# Neve em Portugal



## JoniFili (9 Dez 2010 às 14:02)

Bons dias,

A minha questão é simples; onde se pode encontrar informação sobre onde nevou/probabilidade de nevar em Portugal continental fora da Serra da Estrela?

A razão desta questão é simples: quero levar os miúdos a ver a neve, mas não quero ir de todo à Serra da Estrela. Já dei "N" voltas à net, e não acho essa informação.

Um abraço e obrigado,
JoniFili


----------



## vinc7e (9 Dez 2010 às 14:09)

O melhor local é mesmo aqui o fórum  
mas neste momento não há neve em Portugal, com a chuva desta semana derreteu toda.
Talvez na segunda metade do mês ela volte.


----------



## JoniFili (9 Dez 2010 às 14:21)

Obrigado. Imaginei que sim.

Eu venho dos barcos, e estou habituado a procurar informação meteo, e de uma forma geral encontro (até porque já tenho os meus sites habituais - maretec.mohid.com e o PassageWeather.com, por exemplo).
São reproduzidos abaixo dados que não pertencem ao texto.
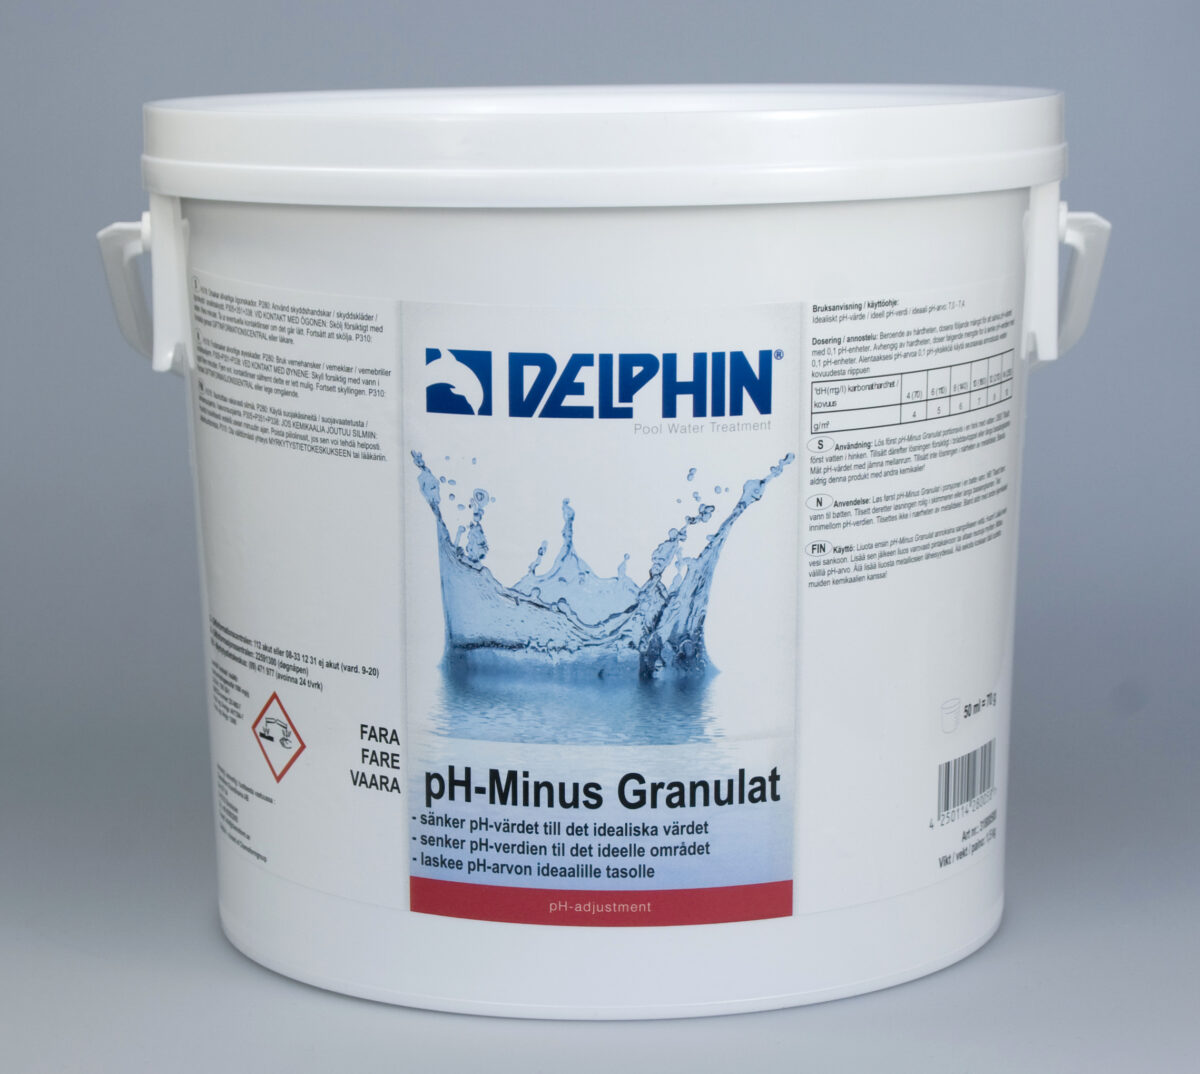 DELPHIN pH-minus Granulat

Mas fiquei pasmado com a falta de informação sobre a queda de neve.

Vamos esperar então. Um abraço,
JF


----------



## Daniel Gomes (4 Jan 2011 às 18:09)

Um site muito bom para ver previsão de queda de neve é www.snow-forecast.com.
Consulte tem informação para todo o mundo


----------



## 4ESTAÇÕES (4 Jan 2011 às 22:02)

vinc7e disse:


> O melhor local é mesmo aqui o fórum
> mas neste momento não há neve em Portugal, com a chuva desta semana derreteu toda.
> Talvez na segunda metade do mês ela volte.



Estás enganado,estive na Serra da Estrela este fim-de-semana e estava para lá muita neve na zona da Torre,uns 10 cm de acumulação,por isso não acredito que tenha derretido toda e além disso sei que nevou lá hoje por informação de uma amiga.


----------



## HotSpot (4 Jan 2011 às 22:03)

4ESTAÇÕES disse:


> Estás enganado,estive na Serra da Estrela no fim-de-semana e estava para lá muita neve na zona da Torre,uns 10 cm de acumulação,por isso não acredito que tenha derretido toda e além disso sei que nevou lá hoje por informação de uma amiga.



A resposta do Vin7e já tinha sido em 9 de Dezembro.


----------



## 4ESTAÇÕES (4 Jan 2011 às 22:20)

HotSpot disse:


> A resposta do Vin7e já tinha sido em 9 de Dezembro.



Desculpa Vin7e,não tinha reparado na data.


----------